In all eight patients the electrode contact with the highest total out-degree was among the contacts identified by the epileptologist as the ictal onset. This contact, that we named "the driver," always laid within the resected brain region. Furthermore, the patient-specific connectivity patterns were consistent over the majority of seizures.

SIGNIFICANCE

In this study we demonstrated the feasibility of correctly localizing the ictal-onset zone from iEEG recordings by using effective connectivity analysis during the first 20 s of ictal rhythmic iEEG activity.

摘要

目的

15%至 25%的耐药性癫痫患者需要进行侵入性视频脑电图(EEG)监测(IVEM),以精确划定发作起始区。这种基于记录的颅内 EEG(iEEG)信号的划定是由癫痫专家通过视觉进行的,因此容易出现人为错误。本研究的目的是研究在癫痫发作期间记录的颅内 EEG 的有效连通性分析是否提供了一种定位发作起始区的客观方法。

方法

本研究分析了 8 名在比利时根特大学医院接受 IVEM 的患者的数据。
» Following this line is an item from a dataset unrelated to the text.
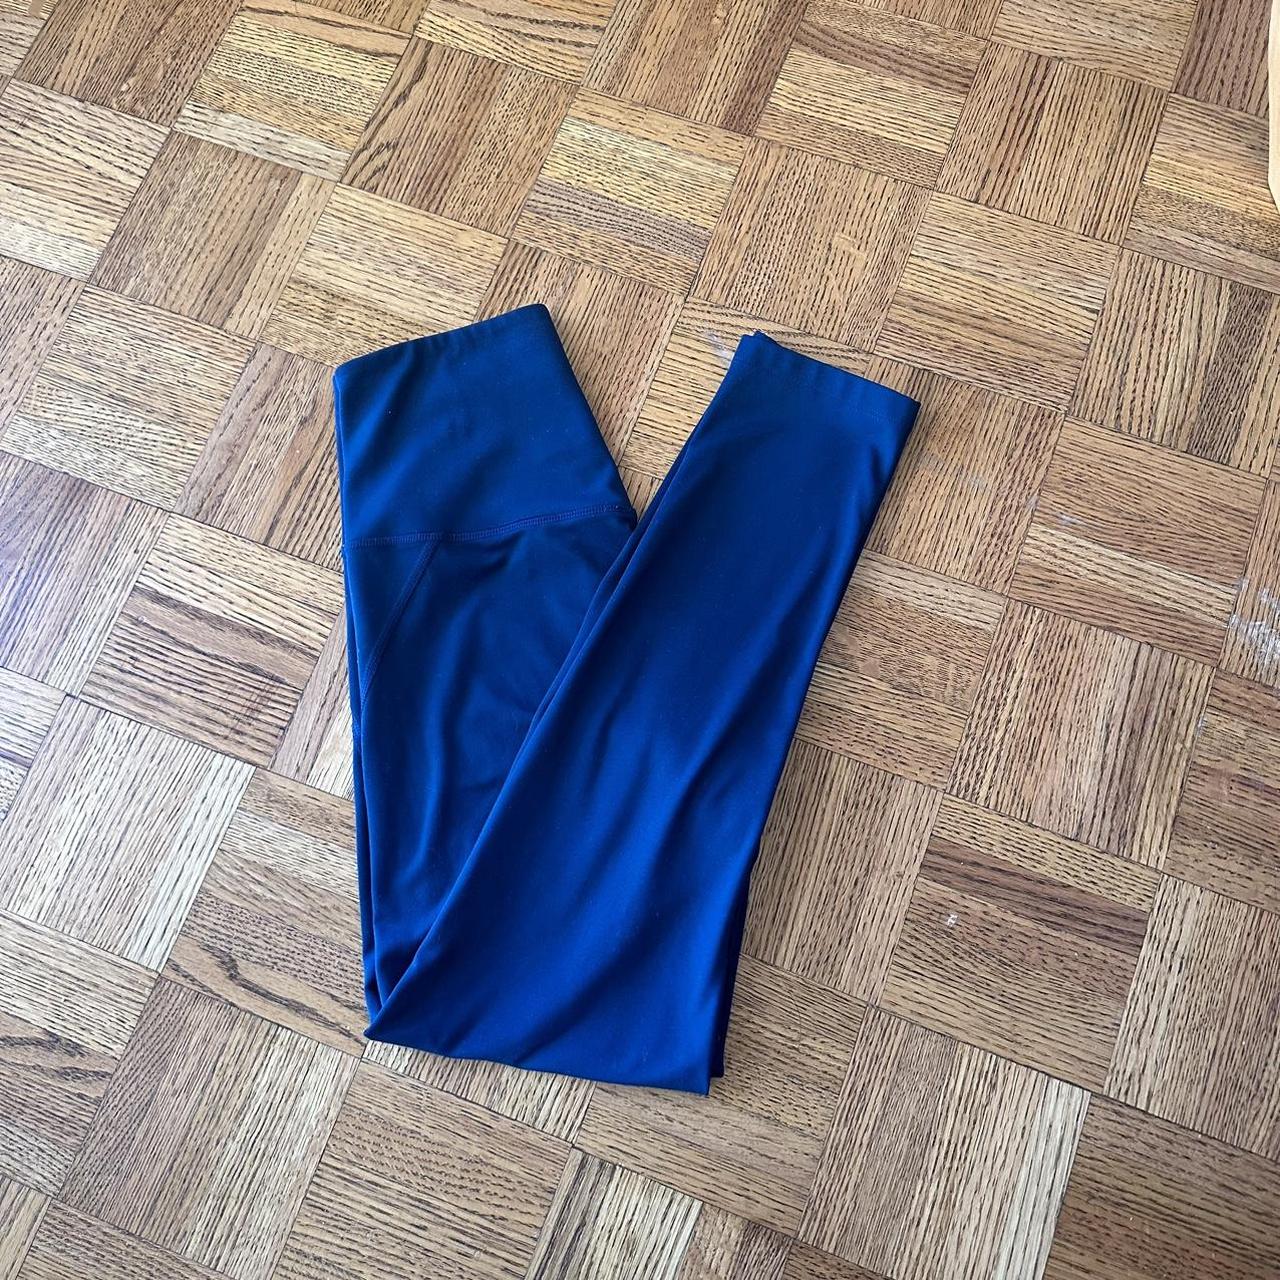 Girlfriend collective leggings in the globe color

所有患者均有局灶性发作起始,并在切除性手术后无癫痫发作。在 ictal 节律性 iEEG 活动的前 20 秒计算有效连通模式。在这 20 秒内,计算每个电极接触点在每个单个癫痫发作期间的出度,出度反映了传出连接的数量。对每个患者的特定癫痫发作的出度进行求和,以获得总出度。总出度最高的电极接触点被认为是定位发作起始区的指标。将这一结果与视觉分析结果和术后磁共振成像(MRI)分割的切除脑区进行比较。

主要发现

在所有 8 名患者中,总出度最高的电极接触点都在癫痫专家确定为发作起始的接触点中。该接触点,我们称之为“驱动点”,始终位于切除的脑区中。此外,患者特定的连通模式在大多数癫痫发作中是一致的。

意义

在这项研究中,我们通过使用癫痫发作期间前 20 秒的有效连通性分析,证明了从 iEEG 记录中正确定位发作起始区的可行性。